The project is coordinated by Mahou San Miguel and involves project partners from Spain, Germany, and the UK. The total project budget is 7.5 million euros, the research group Life Cycle Assessment (LCA) is funded with 500 000 euros by the State Secretariat for Education, Research and Innovation (SERI). The research group LCA at the ZHAW has the lead of Work Package 6 and is working there with the Spanish companies ainia and Mahou San Miguel, as well as with Earthwatch from the UK. In this work package, a techno-economic analysis (TEA), a life cycle sustainability assessment (LCSA) and an economic feasibility analysis are carried out. The TEA assesses the economic feasibility of the processes and highlights the most important parameters for the implementation of business models. The results are assessed through cost estimates and a risk analysis to identify weaknesses. The LCSA brings together three analyses:

  • A Social Life Cycle Assessment (S-LCA), which is conducted based on the UNEP-SETAC guidance document.
  • A life cycle assessment (LCA), which assesses environmental impacts throughout the life cycle and evaluates greenhouse gas emissions, primary energy demand and resource scarcity, as well as impacts on biodiversity.
  • A life cycle costing (LCC), which summarises all costs associated with the life cycle of the products, namely investment costs and operational expenses.

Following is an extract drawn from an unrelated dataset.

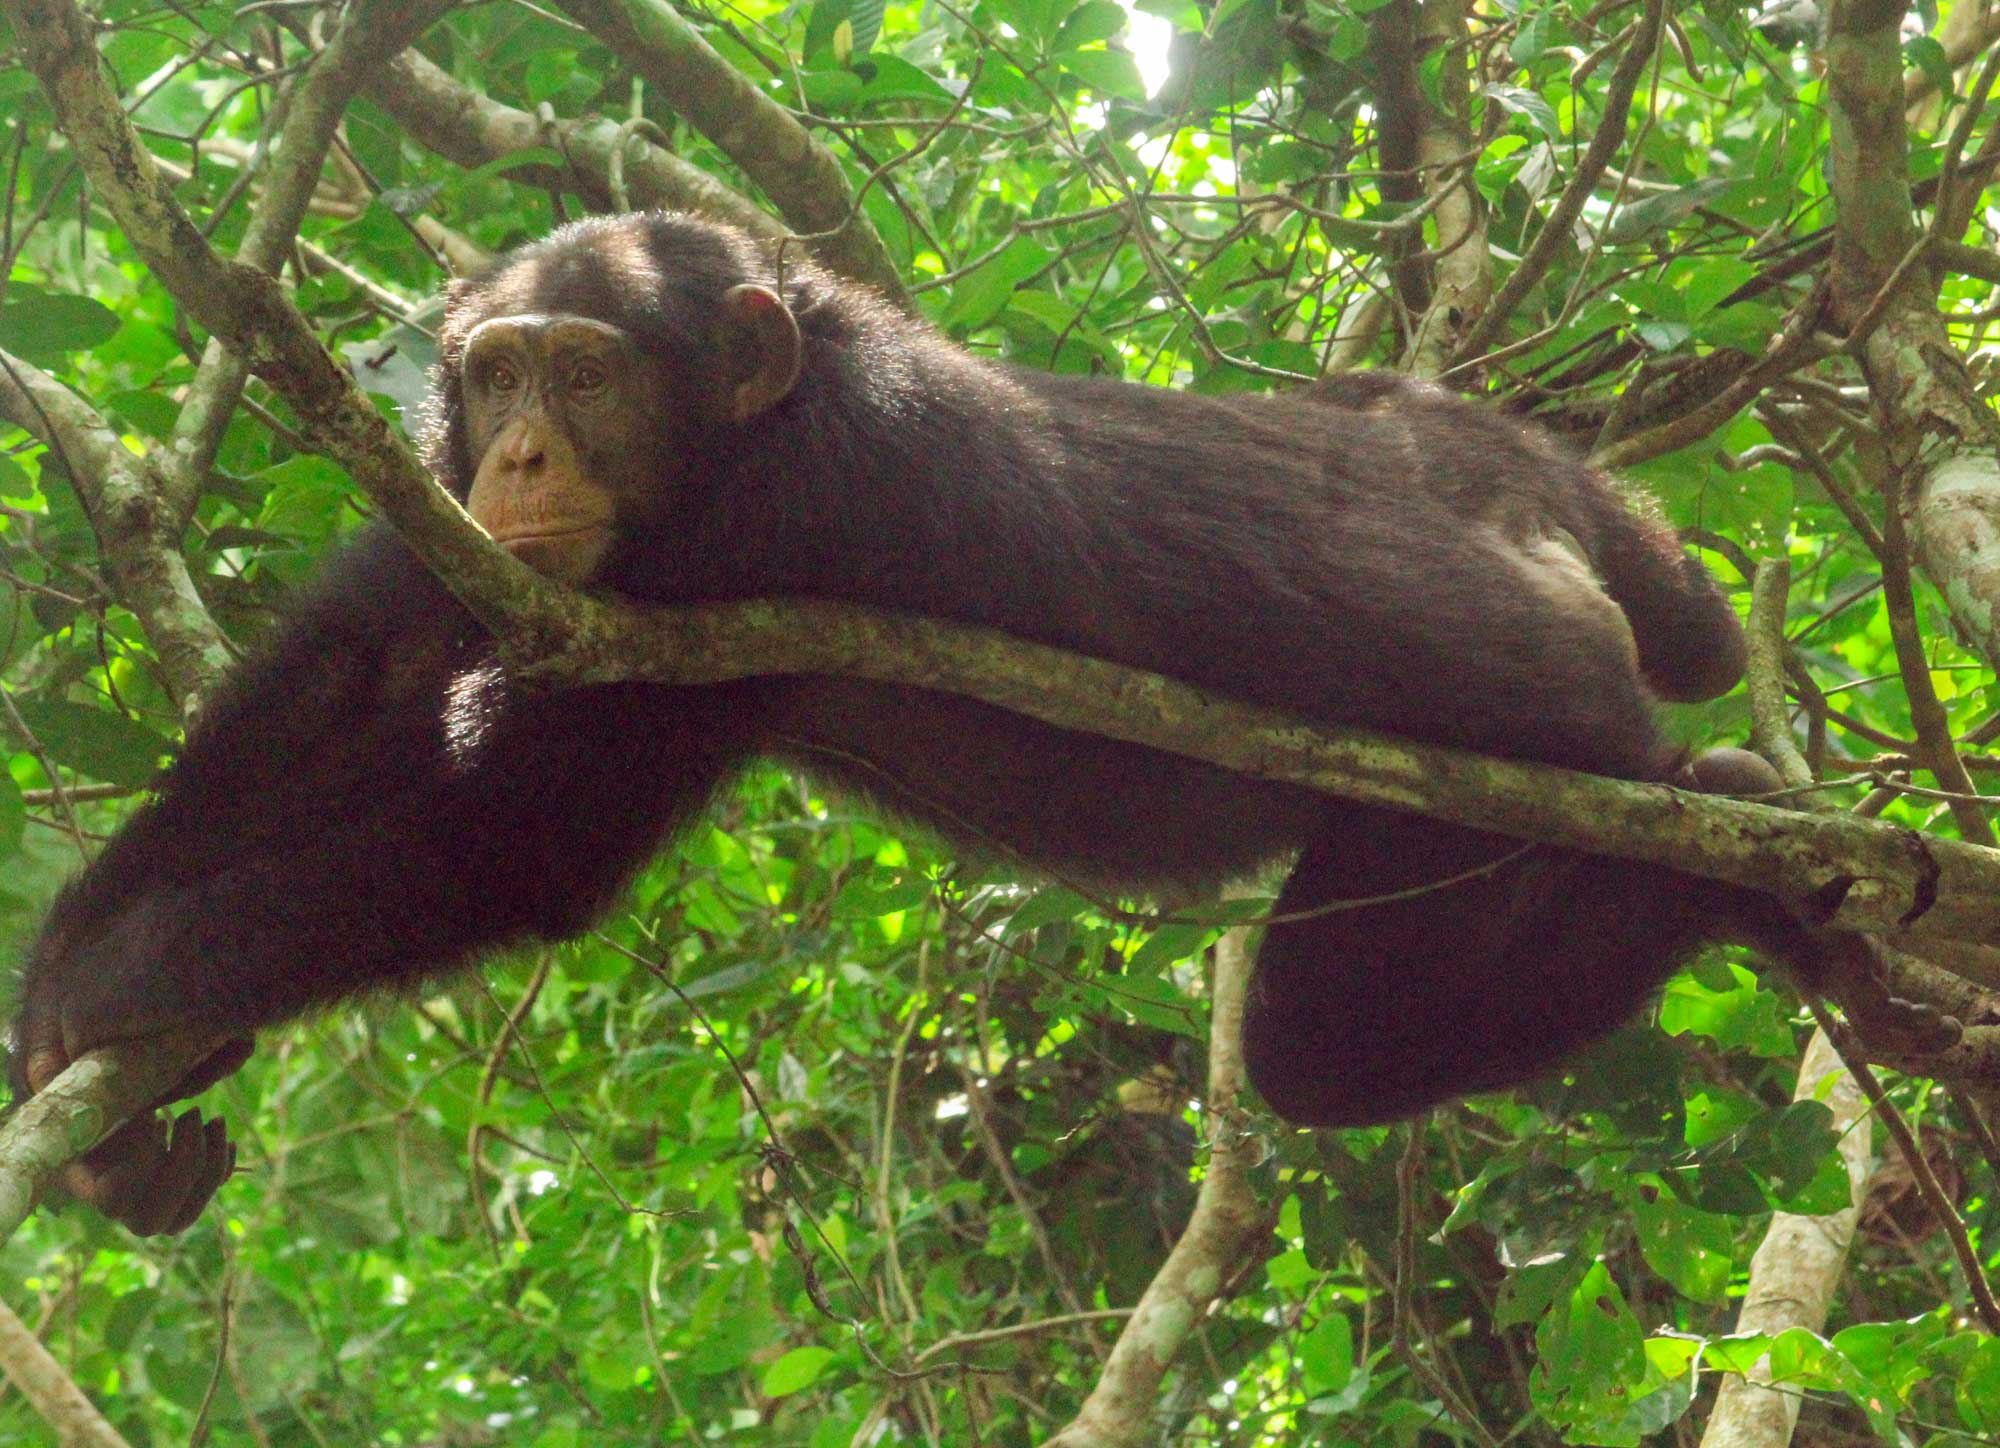 Photograph of a chimpanzee lounging in a tree in Guinea. The chimp is laying on a thin tree branch with its arms outstretched and its hands draped over another branch. 
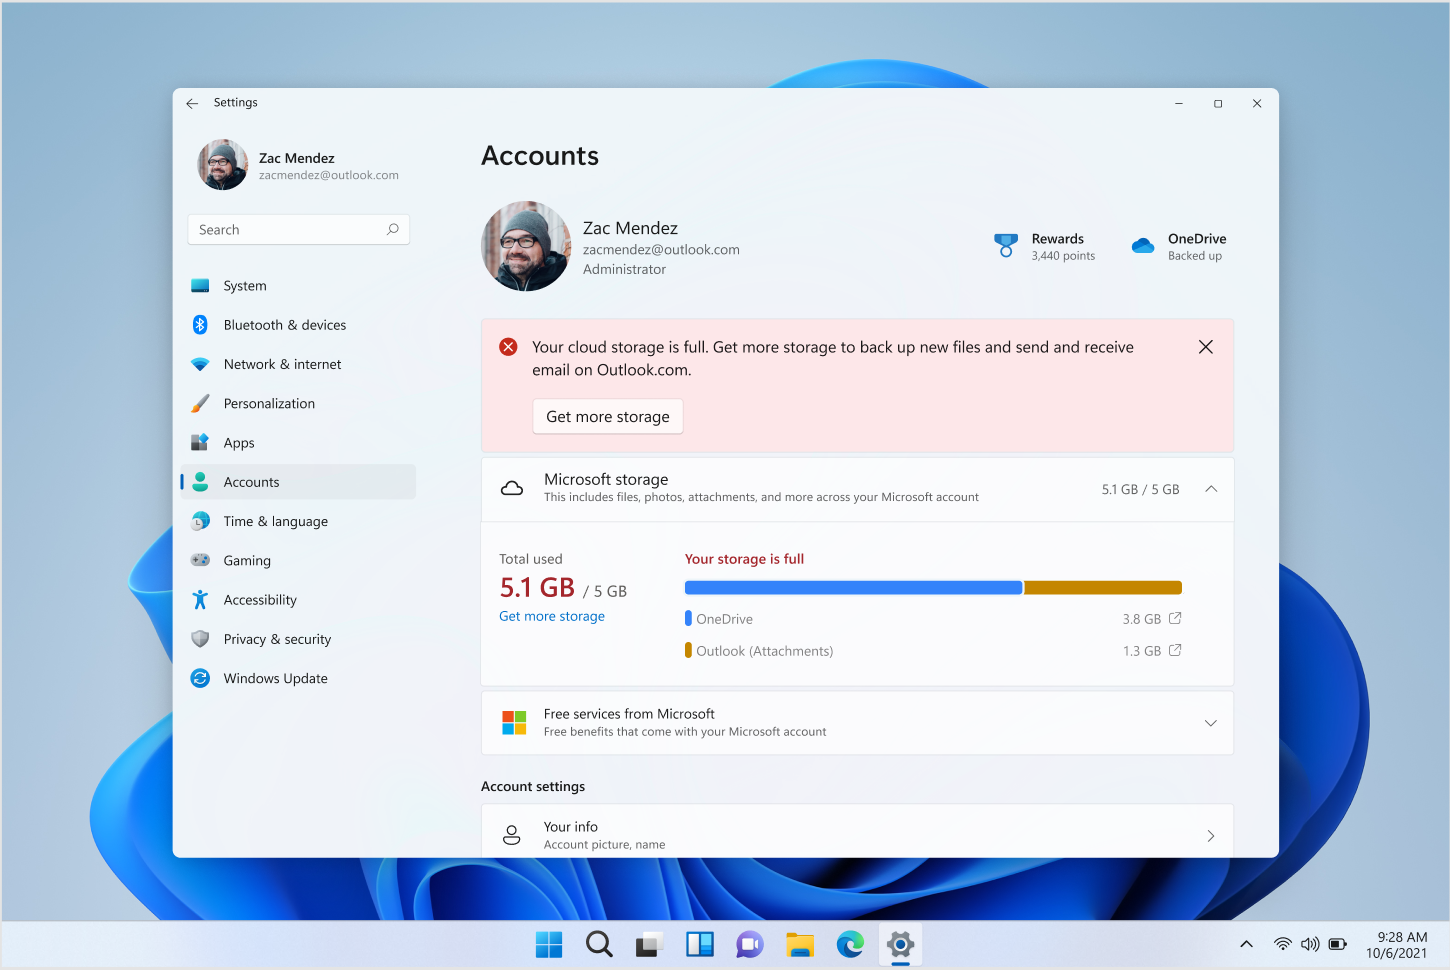 Screenshot of the Windows 11 Settings app showing updating cloud storage information for a linked Microsoft account, including OneDrive storage and Outlook attachments

Finally, an economic feasibility analysis is carried out that includes three business sizes - small, medium, and large breweries - to assess the scaling of the technology and products. Based on this analysis and the LCA results, a sustainable business model is developed.

The assessment of the research group LCA identifies the environmental hotspots of this new circular brewery and thereby helps to reduce the environmental impact of the new, innovative products.